Wie viele geheime Strafverfahren?

Wer von einem Beschuldigten trotz Einstellung des Verfahrens Kosten erheben will, kommt nicht umhin, ihm die Einstellungsverfügung zu eröffnen und ihn damit überhaupt erst über die Eröffnung des Verfahrens in Kenntnis zu setzen. Dass dies bundesrechtswidrig ist, hat kürzlich das Bundesstrafgericht entschieden (BStGer BV.2018.25 vom 26.11.2018). Bei der Strafverfolgungsbehörde handelte es sich um die ESTV, die es nun wirklich besser wissen müsste.

Aus dem Entscheid:


Aus den vorliegenden Akten und der Einstellungsverfügung ist ersichtlich, dass die Beschwerdegegnerin den Beschwerdeführer über das laufende Verfahren erst mit Zustellung der Einstellungsverfügung vom 7. August 2018 orientierte. Weshalb die Beschwerdegegnerin den Beschwerdeführer über das seit dem 26. November 2013 gegen ihn geführte Verwaltungsstrafverfahren nicht vorgängig in Kenntnis setzte, ist nicht nachvollziehbar.
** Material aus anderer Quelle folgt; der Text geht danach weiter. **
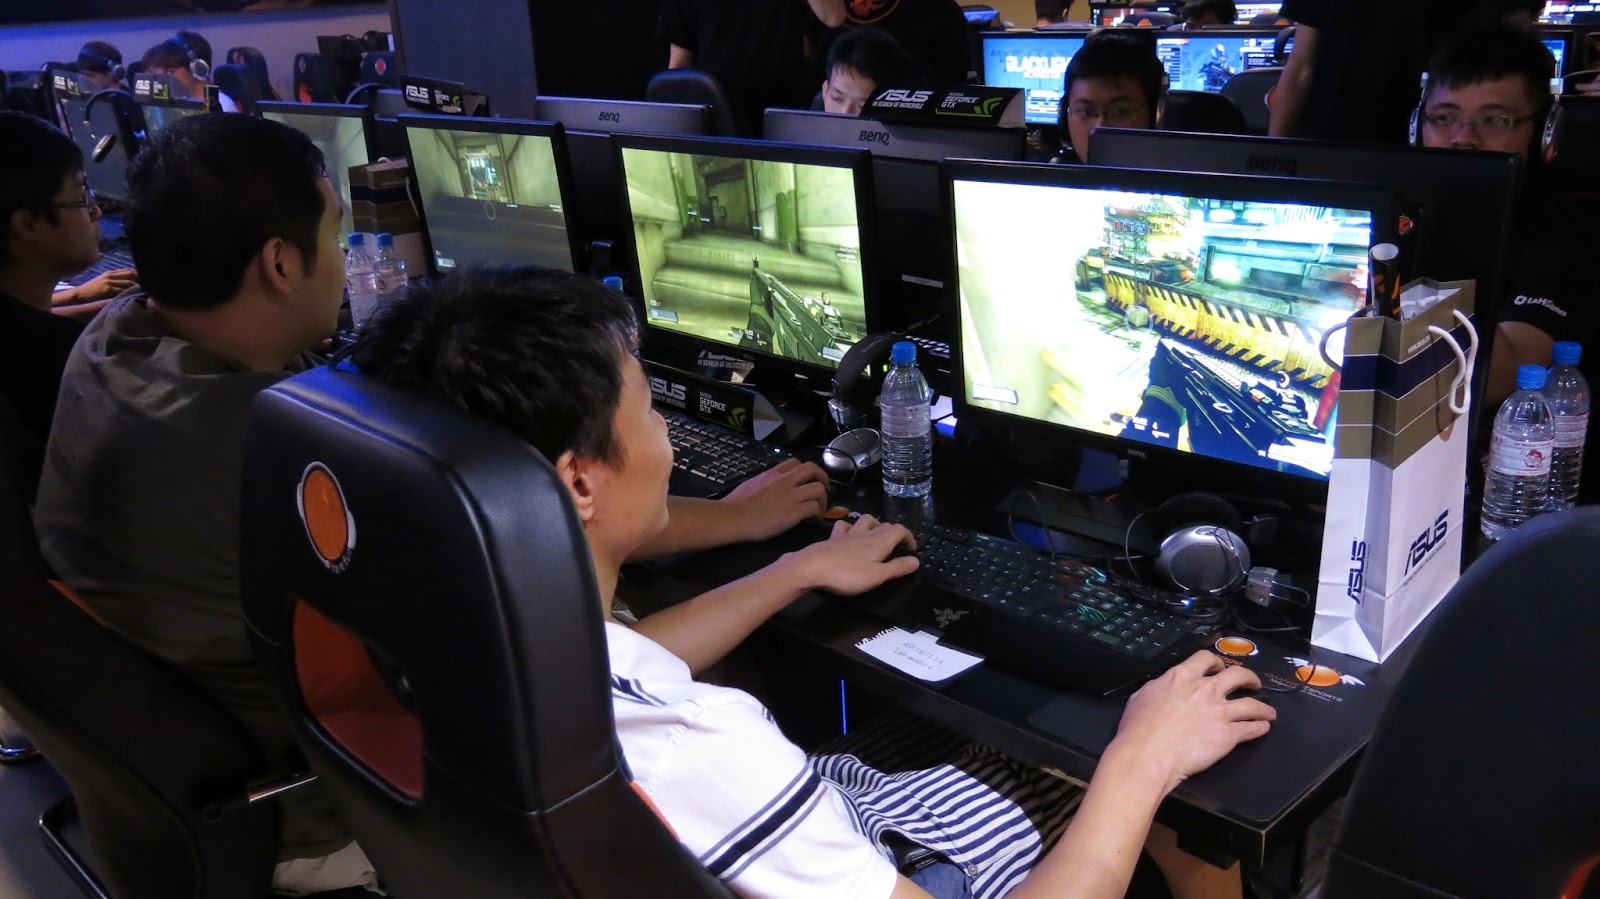 The Second ASUS & NVIDIA Gamers’ Gathering Demonstrates Cutting-Edge Technology Designed for Both Gamers and Tech Enthusiasts 42

Dies umso weniger, als Art. 104 Abs. 4 MWSTG ausdrücklich eine unverzügliche schriftliche Mitteilung betreffend die Eröffnung einer Strafuntersuchung vorschreibt (E. 3.3).

Bemerkenswert sind auch die Ausführungen zur Kostenauferlegung, welche die Kosten als Verdachtsstrafe erscheinen liessen:


Vielmehr begründete die Beschwerdegegnerin die Auferlegung eines Teils der Kosten im Wesentlichen damit, dass in den Jahren 2007 bis 2009 Widerhandlungen festgestellt worden seien, die den Tatbestand von Art. 98 lit. e MWSTG erfüllen würden (bspw. nicht verbuchte Honorareinnahmen, Ausstellung fiktiver Rechnungen, Buchungen über Geschäfte mit fehlenden Zahlungsflüssen). Diese Widerhandlungen hätten dazu beigetragen, dass die Strafuntersuchung eingeleitet worden sei (E. 4.1).

Da stellt sich unweigerlich die Frage, wie viele Strafverfahren die unzähligen Ämter, die in der Schweiz nebenbei auch noch als Strafverfolger tätig sind, führen, ohne dass die Betroffenen oder auch die Justiz jemals davon erfahren.